The protagonist is the one character most writers dwell on. It takes a fine balance between making them likeable and having them seem either arrogant or totally worthless.
A good protagonist usually makes or breaks a story, while the antagonist, or villain, is usually tossed in as a reason for the protagonist to exist. This is not the way to get your story to the top of the slush pile. The villain needs at least as much development as the hero.
First off, having the villain exist as a method to make the hero suffer is, with rare exceptions, wrong. A villain must have motivations, wants and needs – just like the protagonist. It just so happens the wants and needs of the hero are diametrically opposed to the villain’s motivations.
Take, for example, Sauron in J.R.R. Tolkien’s masterpiece, The Lord of the Rings. Most readers just look at Sauron as an evil presence, set there to oppose Frodo. A good writer, on the other hand, looks at why Sauron is opposing Frodo. Sauron has his own wants and needs. He wishes to return to corporeal form and rule all of Middle Earth. Remember the old saying, Absolute Power Corrupts Absolutely? Sauron is the poster child of that old adage.
He doesn’t want Frodo. He doesn’t care about anybody. All he wants is his old ring. That is his underlying goal, while the second is to conquer Middle Earth. The hard thing a writer has to do is figure out the toughest question – Why? Did he have a bad childhood? Did a dwarf insult him in front of his high school crush? Of course, these are silly things, but getting to the root of the ‘why’ is what makes the villain real, both to the reader and to the other characters. A writer must have the why mapped out beforehand, in order to have the villain act and react properly throughout the story.
Sauron is not a typical villain, unless you count the various watered-down rip-offs of Tolkien’s work. It is difficult to create a malevolent, god-like villain that is realistic. Yes, the protagonist must seem to be out-classed at first, but he will slowly chip away until the chink in the villain’s armor is exposed. Making the match too overwhelming can kill a short story, because the reader will ask why the protagonist doesn’t just give up. Again, Sauron and Frodo go against this method of thinking, but this is a rarity, and it takes exceptional skill to pull off.
This holds true for most stories, especially novella-length and smaller ones. The match must be close enough to be realistic, but not too easy for the hero to overcome. People like heroes who struggle; it helps the reader root for the protagonist, and therefore connect and bond with them.

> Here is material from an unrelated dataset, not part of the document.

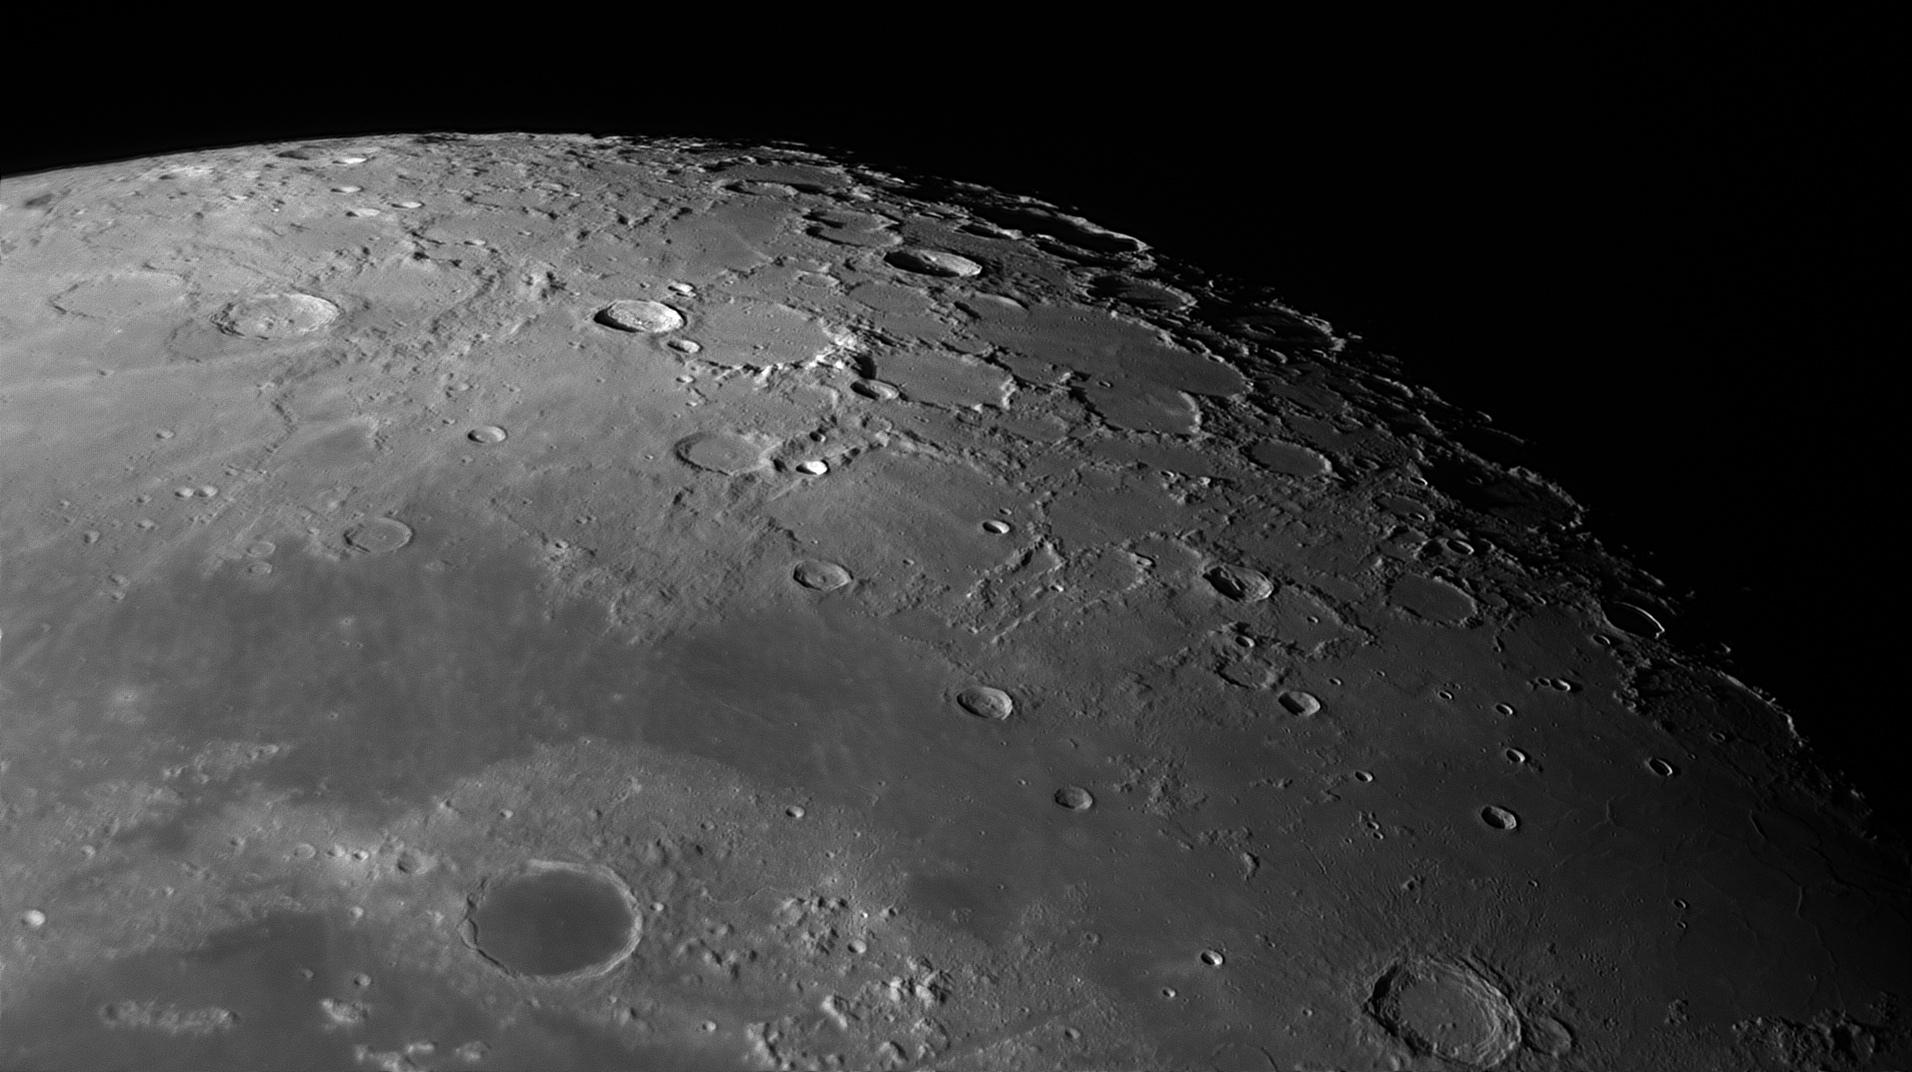 5daa1d2751c22_Moon_054840_181019_ZWOASI290MM_Rouge_23A_AS_P40_lapl4_ap350ast.jpg.3722bafed3d8575c9a6d7569f9110825.jpg

For the most part, the villain must be well-rounded. They should have some goodness to them, even if it is for something alien. In Aliens, the mother seems evil, but she’s really not. She’s out to protect her young, just like the reader would. This helps the alien connect to the reader, and it rings true. The audience wants Ripley to win, but they can understand the motivations of something that is literally alien to them.
Now that the audience understands the motivations of the villain, allow him to be ruthless and, well, evil. He should intimidate the heroine, but he should not intimidate the author. Allow him to do things you would never do, even in your wildest dreams. Make sure he follows his own code of morality, and stick to it. Chart out how he would react, and why. Don’t make him do things just because he’s a bad-ass. He already knows how powerful he is, so let him do just what needs to be done, and not too much else. If your villain is a psycho, remember she will still follow strict rules (insane ones, true, but rules nonetheless), otherwise she would be caught after her first evil deed. Nothing kills a story faster than having everything solved in the first page of prose.
Develop a whole history for your bad guy. Know why he hates flowers, why he smokes Lucky Strikes, and why he always takes the index finger of his victims. This may be explained to the reader, or it can be withheld in order to keep the reader guessing. Either way, you will allow the villain to follow his own code, and make it realistic.
That being said, don’t over-do it. If you don’t need an actual villain for your story, don’t just put one in. Forcing a villain will just clutter up the story. Two brothers may be fighting over the same girlfriend, but neither one is necessarily evil. Conflict does not always mean a struggle between good and bad. It just means two characters have opposing goals.
If you do have a villain, make sure everything she does is consistent. Have her react according to the rules you developed when fleshing out her history. If she’s a crack dealer from Brooklyn, she will not talk or act like a Duchess from York. If there’s a reason why she would be talking and acting like a Duchess, explain it during your story. Give the reader the ‘whys’ so they can understand her actions.
Finally, with rare exceptions, the villain should get their comeuppance in the end. This does not mean they have to die –think about the future by expanding that novel into a trilogy – just make sure she pays some harsh penalty. There should be some feeling of satisfaction for the reader to share. The hero must triumph, the villain must fall. If you’re thinking back to Tolkien, remember the LotR was originally one very long book. The publisher broke it into three novels. With that in mind, Frodo won, and Sauron fell.
If there is one thing you should take from this chapter, it is to develop the ‘why’, and share it with your audience so they can ‘see’ through the character’s eyes. Once the reader empathizes with the villain, even if it is a tiny bit, you’ll make them care and, perhaps, even understand why they do the things they do.